The carriages were a symphony in cream leather, streamlined and smooth as infants’ buttocks. Clever machinery was concealed behind the curvaceous banks of hide; the leather was clever, too; a touch, a word and controls or information screens would appear like tattoos on the surface. The carpet was toe-deep fur pile, the raked windows tinted gold. All very sophisticated, high-tech, minimal yet with a whiff of decadence, utterly last century. This age favoured heavy wood and heavier metal: big brass clunking stuff. The Synod in Wisdom, which had little experience of and less budget for running a counterinsurgency force, had bought it cut price off a Lyxian broker who had bankrupted five generations of family fortune on speculation in mink futures. Now it ferried United Artists at speed and in fin du siècle luxury around the planet on missions of political practical joking.

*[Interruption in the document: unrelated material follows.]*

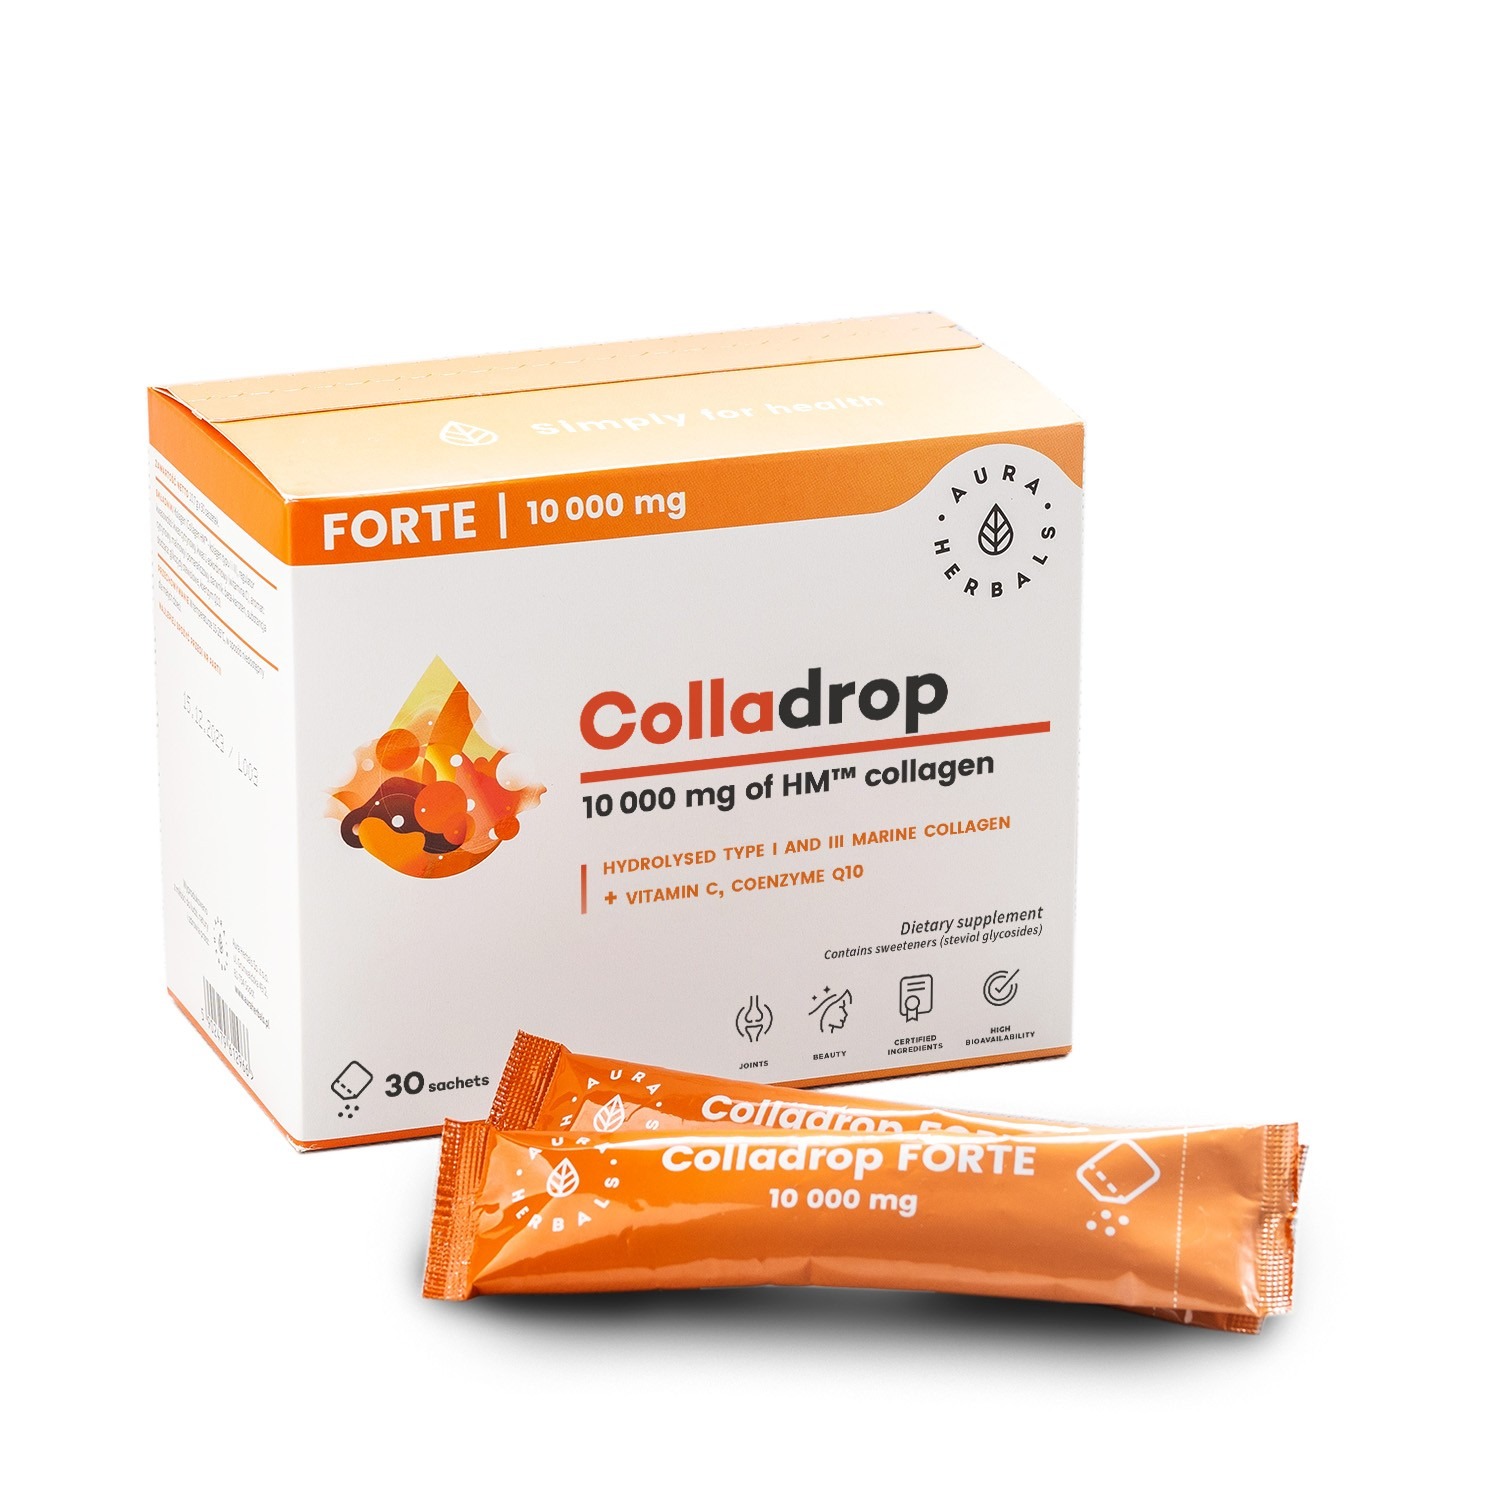 Aura Herbals Colladrop Forte, marine collagen 10000 mg, 30 sachets

“An old trainmother tells you something from a dream, and you believe the end of the world is nigh?” Grandmother Taal asked as the train took points at three hundred and eighty on to the westbound fast and powered up.
“We’re supposed to work eclectically,” Skerry said, fidgeting on a curving leather sofa. She was never comfortable sitting down for long. Weill had told Grandmother Taal she could put both legs behind her neck. I wish I could do that , thought Grandmother Taal, then realised she had a better chance now than for a long time. Bladnoch, curled at the other end of the couch, was the opposite; never happier than when horizontal. He surreptitiously watched the afternoon pelota on a televisual patch of armrest. Backstage in the comedy clubs, the whisper was, Bladnoch, he could have been the greatest, ’cept for that addiction to televised sport .
“She means, we don’t just take the word of sweet old ladies, no matter how good their juju is,” said Mishcondereya, glowing and scrubbed from a showering off all that nasty Molesworth grit. She towelled at her hair furiously, began the laborious task of reinserting all her jewellery.
“You see, my dear, your story about the hole in the middle of the line rang true, because it’s very far from being the first,” Seskinore said, pouring Grandmother Taal a glass of mint tea. He dropped in a sugar cube, pounded it with a glass rod, gave it three swirls. “My own trade secret. On the circuit, you learn the art of good tea.” It tasted no better than most others, worse certainly than Marya Stuard’s. He continued, “Bloody things’ve been popping up all over the place. Chryse, Tempe, Axidy. Even Grand Valley. Could be hundreds of the things out in the desert we never hear about. Little breakdowns in reality. Some of those orbital processors have been running constantly for well over a thousand years, so they’re bound to be showing the strain, and of course they skimp on the maintenance budget. Perfect opportunity for our friend up there to sneak in the back way.”
“Apart from that, we’ve been keeping an eye on Devastation Harx and his crew,” Weill said, feet up on a padded mound that served as a tea-table. “We keep an eye on most of the apocalyptic religions.”